You might not need if statements: a better approach to branching logic - bubble_boi
https://hackernoon.com/you-might-not-need-if-statements-a-better-approach-to-branching-logic-59b4f877697f#.ruqzpakyw
======
dTal
If I might offer the author some constructive criticism - this article
contains a huge amount of filler, fluff and nonsense, which it descends into
at random times in an ADHD-like way. Like the way you use the word "gander"
and then suddenly feel compelled to type four paragraphs about geese and pygmy
marmosets. This makes it very annoying to read because the reader's flow is
constantly interrupted.

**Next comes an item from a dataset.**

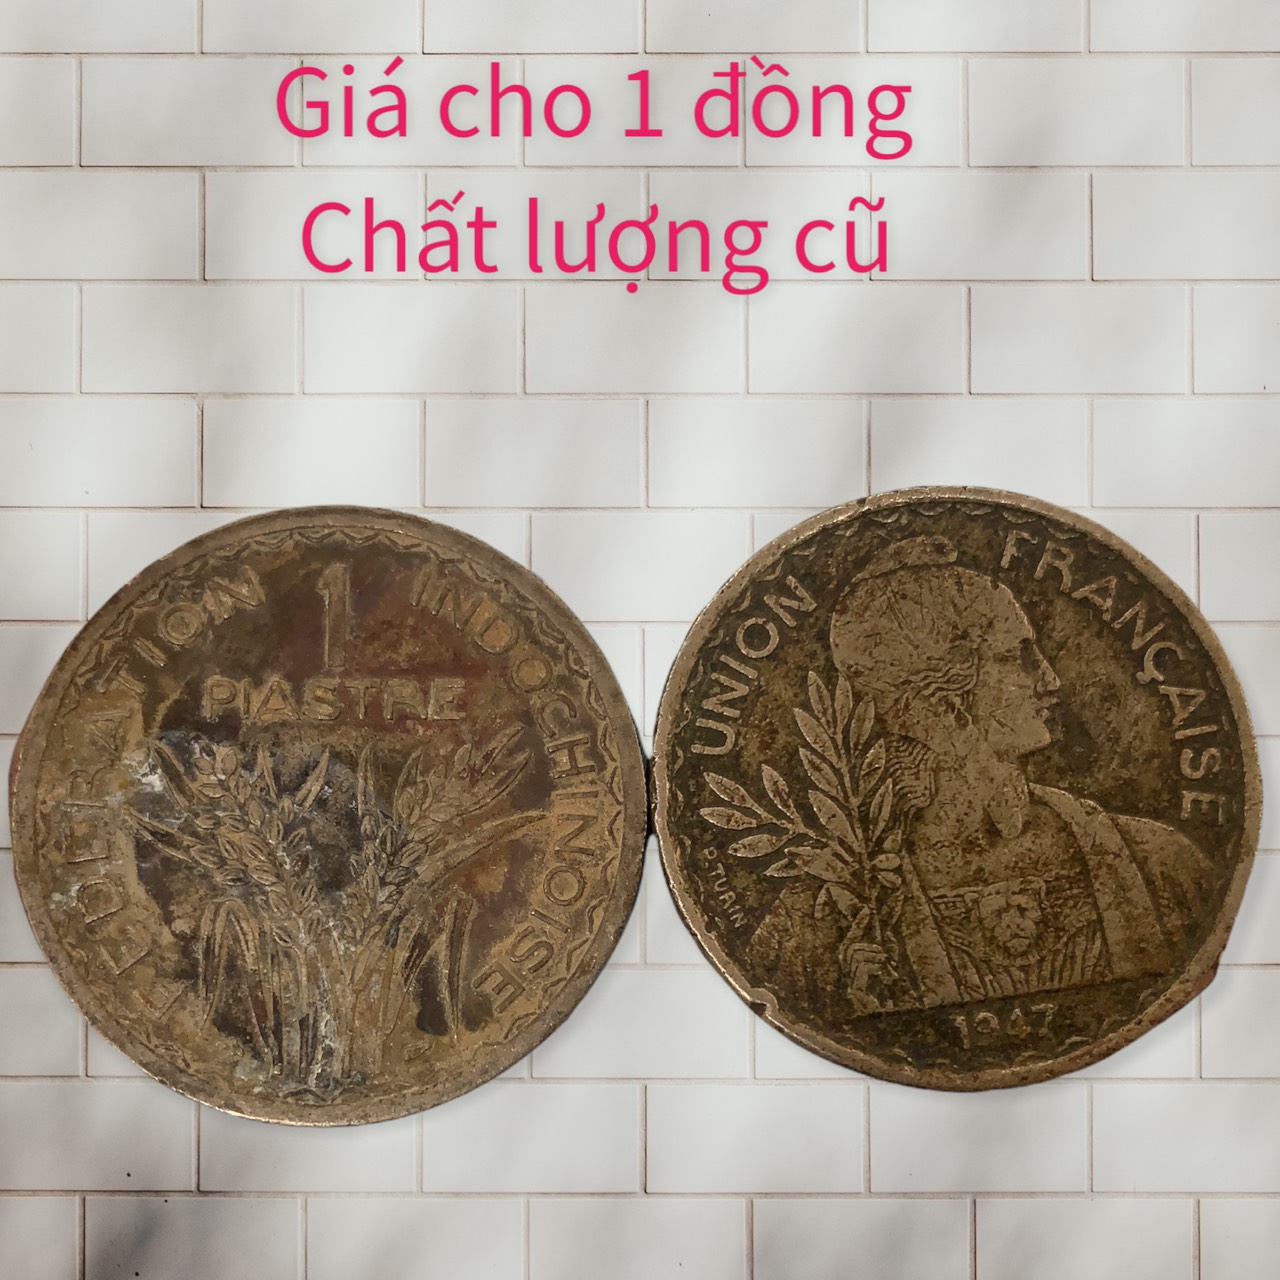 [Chất lượng cũ] Đồng Xu cổ xưa thời Đông Dương 1 piastre 1946, 1947 do shop tự chụp.

The liberal use of "um" and the rambling first person
narrative style (complete with bizarre roleplay-style actions like "[wriggles
interestingly]") combine to present the impression that 1) you do not value
the reader's time and 2) you haven't sufficiently distilled what you are
actually trying to say.

I suspect this article would read very much better if you deleted it and
rewrote it from scratch, omitting the cutesy crap and narrative details about
your mood while you were thinking about this problem, and saying only what you
need to say.

------
shaftway
I like how the author just re-invented if statements. Even still called them
"if". Compare:

    
    
      [snip] {
        title: 'Has the user searched yet?',
        test: !!pageData.searchKeyword,
        if: {
          true: {
            [snip]
          },
          false: {
            [snip]
          },
        },
      }, [snip]
    

vs.

    
    
      // Has the user searched yet?
      [snip] if (decisionData.searchKeyword) {
        [snip]
      } else {
        [snip]
      }
    

I expected something like a state machine, instead of OOJSON.

------
meesterdude

      Imagine discovering this code — having never seen it before — 
      and trying to work out what happens for non-logged in users that haven’t searched yet.
    

I'd run.

Overall, this seems to advocate for moving all your branching logic into one
big file. I mean - I guess there could be a situation where I would want this
- but it seems decoupled from real world examples and usage.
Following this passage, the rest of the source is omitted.